**Input data**

====

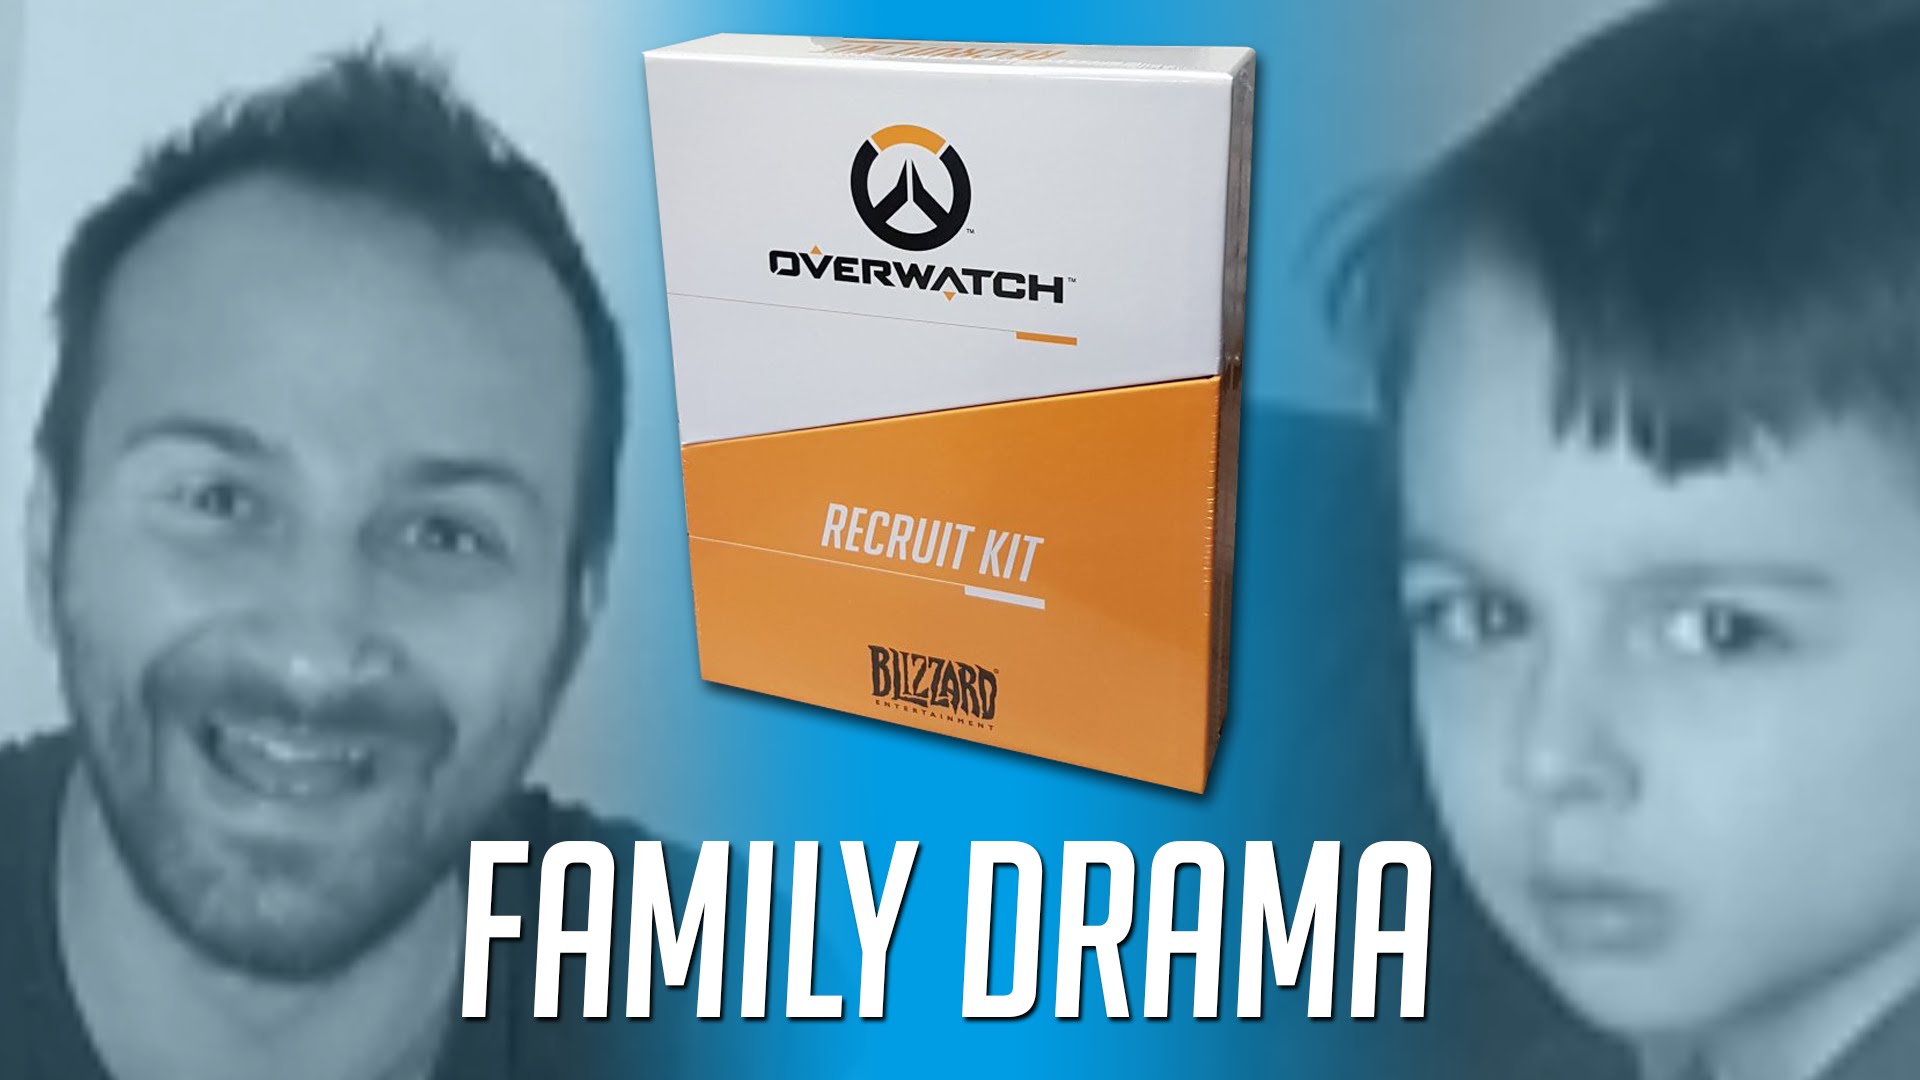 H82 Overwatch apre il Recruit Kit – Dramah e Delirio in Famiglia!
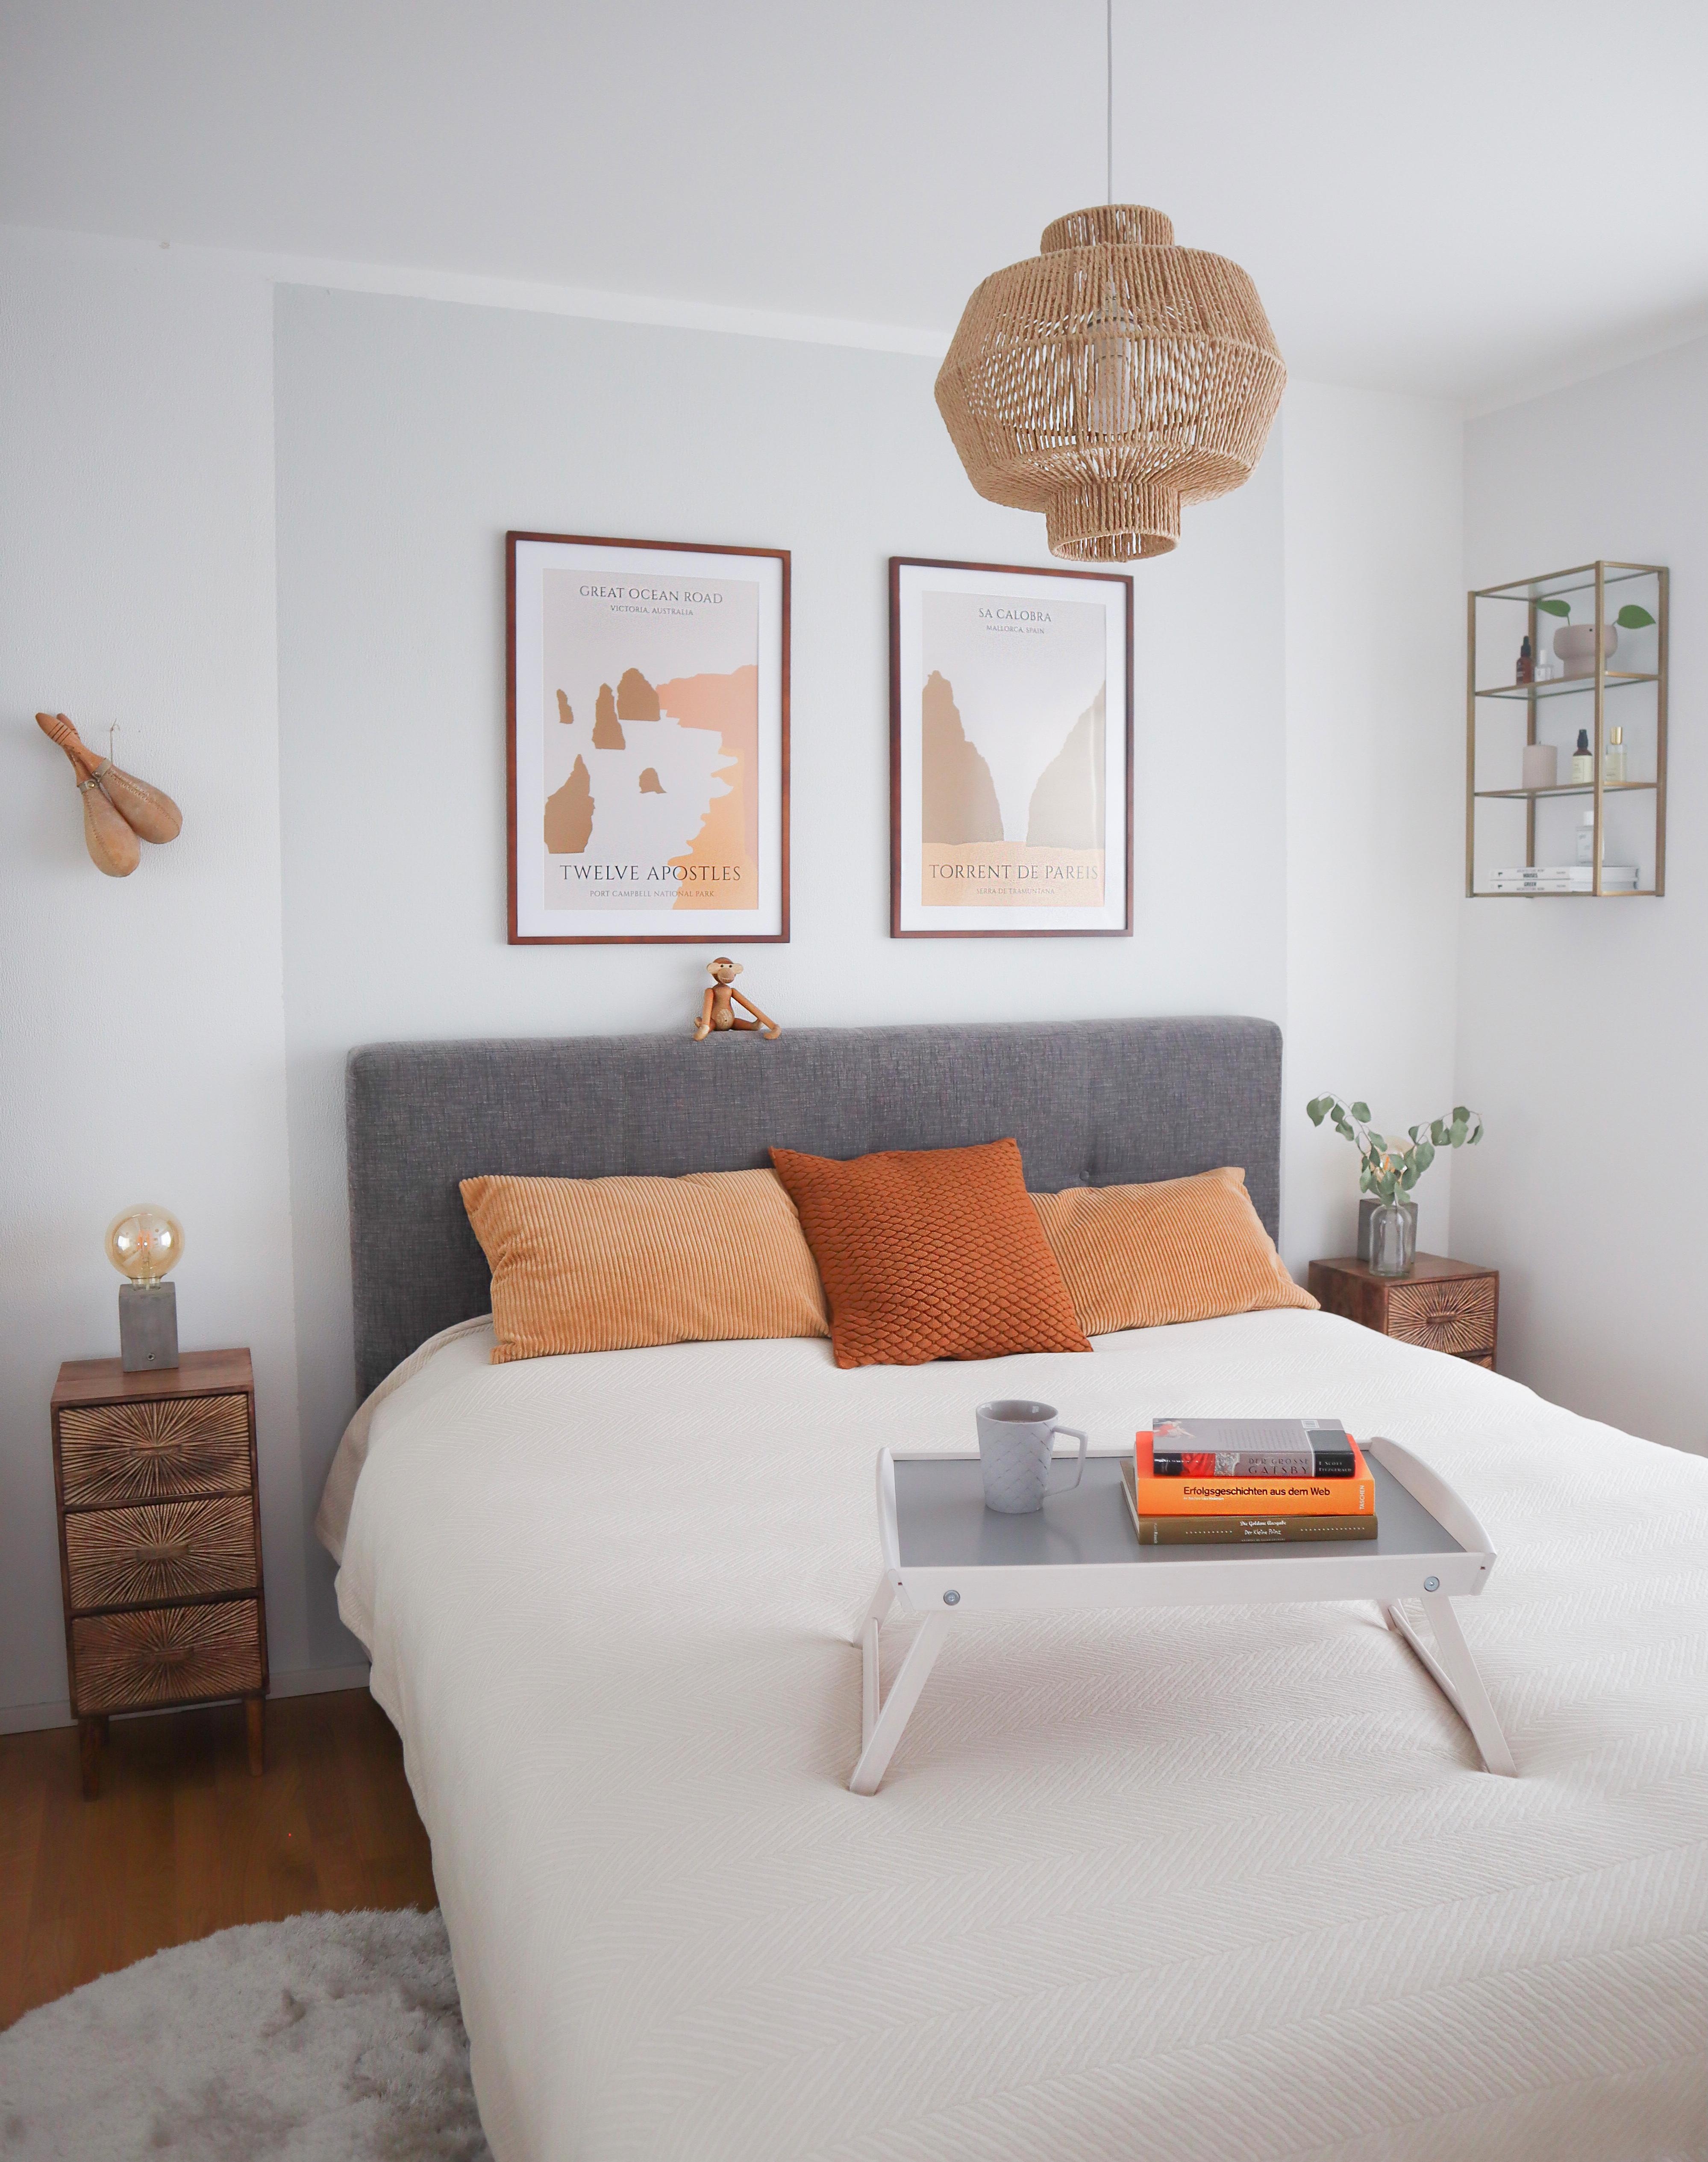 Unser 10qm kleines #Schlafzimmer haben wir in hellen Tönen gestaltet #bett #gutenacht #poster #bücher #kaffee #tablett
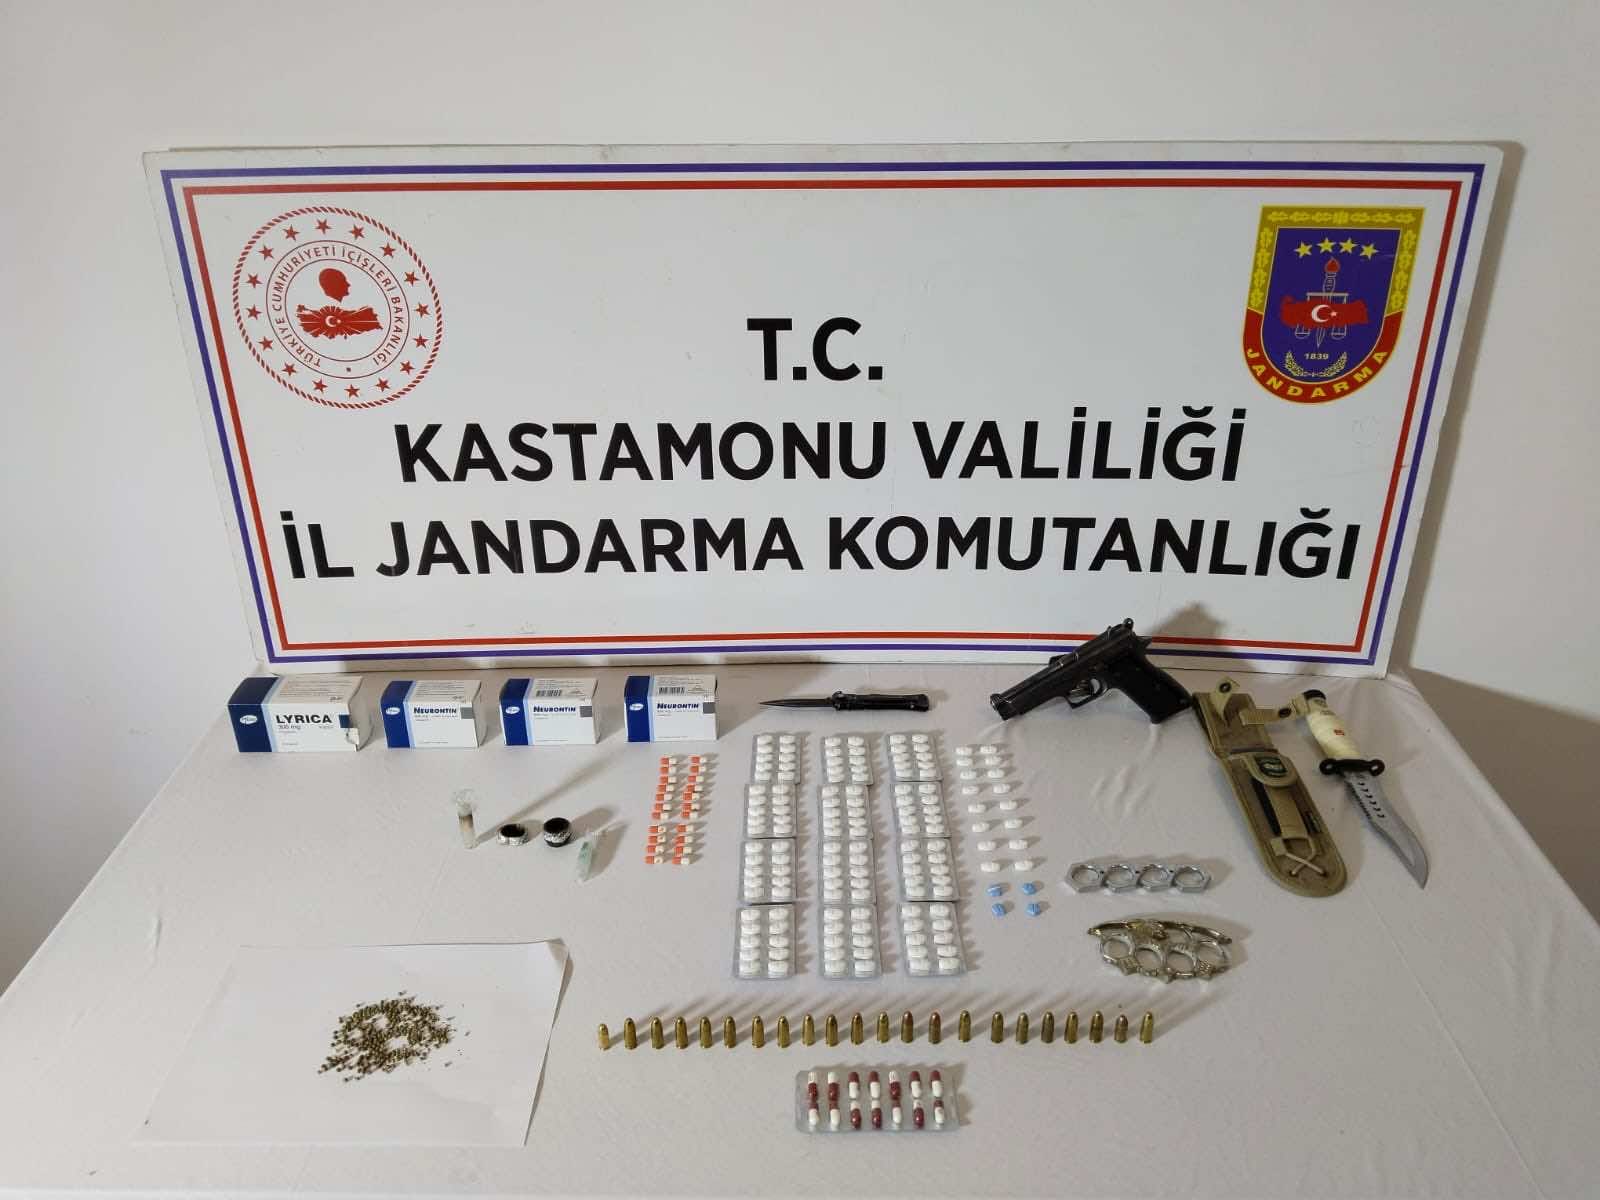 Kastamonu’da düzenlenen uyuşturucu operasyonunda 2 kişi yakalandı

====

Quote in full the listing given above; the images are to be left out.

**Result of the exercise**
 H82 Overwatch apre il Recruit Kit – Dramah e Delirio in Famiglia!
 Unser 10qm kleines #Schlafzimmer haben wir in hellen Tönen gestaltet #bett #gutenacht #poster #bücher #kaffee #tablett
 Kastamonu’da düzenlenen uyuşturucu operasyonunda 2 kişi yakalandı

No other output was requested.